The retailer is committing to issuing a food-contact materials restricted substance list and requiring own brand suppliers to certify that all packaging and packaging components sold to Rite Aid comply with federal and state packaging laws, as well as the company’s corporate restricted list for food-contact packaging materials. Additionally, suppliers will be required to certify that restricted chemicals were not intentionally added to their packaging and do no exceed restriction limits outlined in the restricted substance list. 

Rite Aid also will be offering increased product transparency, requiring suppliers to provide additional disclosure for such generic ingredients as “fragrance” by December 2023. The company also will work to enhance consumer transparency efforts around such attributes as organic, non-GMO, cruelty-free and praraben-free to make it easier for customers to identify cleaner products. 

“Rite Aid’s RxEvolution is about promoting whole health, and we’re dedicated to ensuring that our merchandise is aligned to that goal,” said Erik Keptner, chief marketing and merchandising officer, Rite Aid. “We’re proud of our work to offer cleaner, more sustainable products. Our expanded commitment is another step forward in our journey to offer our customers product choices they can feel great about.”

The latest efforts build on work that Rite Aid kicked off in 2016 when it executed a formal chemical management policy and committed to removing right chemicals of concern from its own-brand products by the end of 2020. So far, Rite Aid has reached 98% compliance with its commitment is working with its suppliers to reformulate or transition remaining items to achieve total compliance. 

Rite Aid also has been working to screen all formulated products against its restricted substance list, which contains 69 chemicals of concern. 
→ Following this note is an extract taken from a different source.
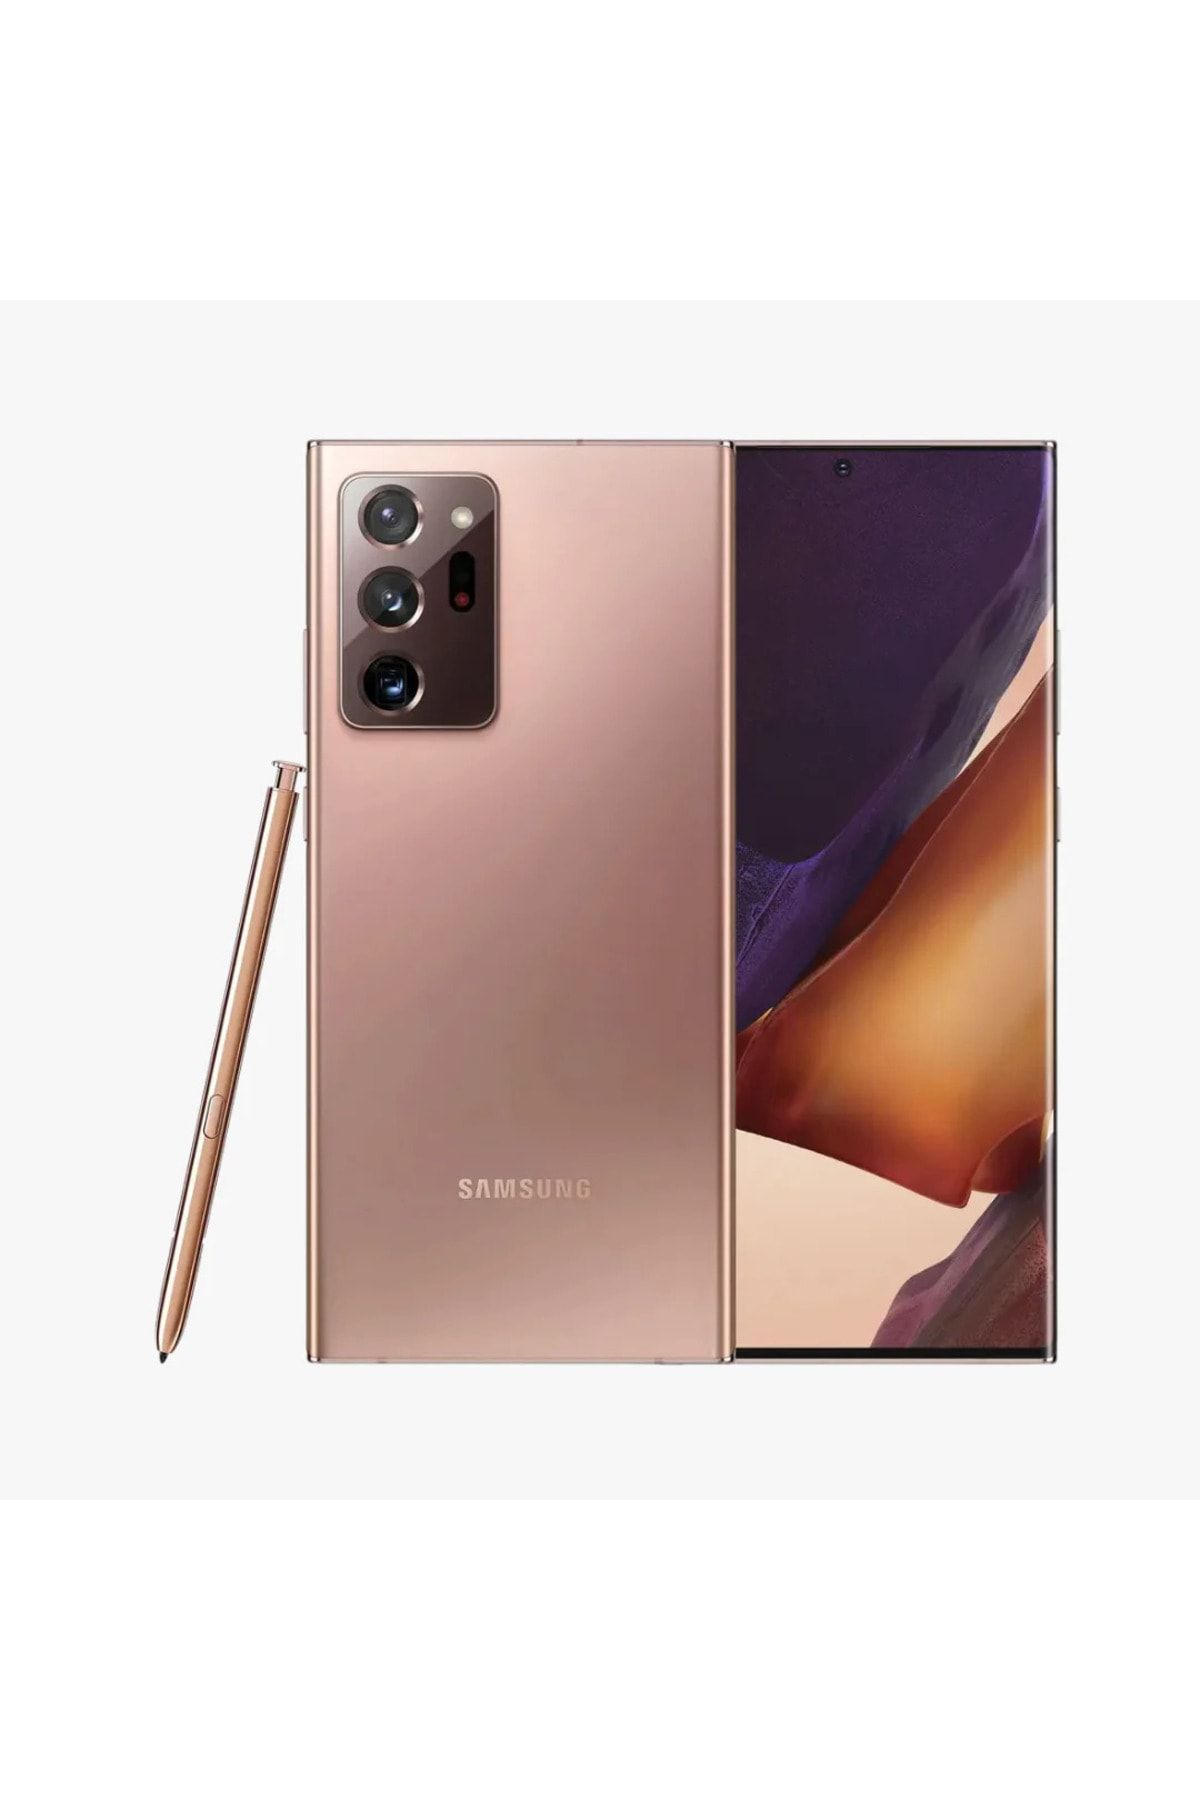 Samsung Yenilenmiş Galaxy Note 20 Ultra 256GB Gold Cep Telefonu (12 Ay Garantili) - B Kalite

Alongside the chemical policy, the company’s merchandise transformation is emphasizing a broader product assortment with cleaner ingredients that are better for the environment. Efforts include using the WERCSmart platform to complete automated restricted substance list evaluations. It also has been continuing its Mind the Store campaign, which works with hundreds of organizations and businesses, encouraging retailers to replace chemicals of concern with safer alternatives. 

“We are very pleased to see that Rite Aid is taking concrete actions to safeguard its customers and communities from toxic chemicals,” said Mike Schade, Mind the Store campaign director. “Today’s announcement shows excellent progress; setting higher bars on chemical management is a growing sustainability trend among retailers. In our work with Rite Aid over the last year, we have been impressed by the significant progress made despite the global pandemic.”

Rite Aid said it would include information about its progress in these various efforts as part of its annual corporate social responsibility report.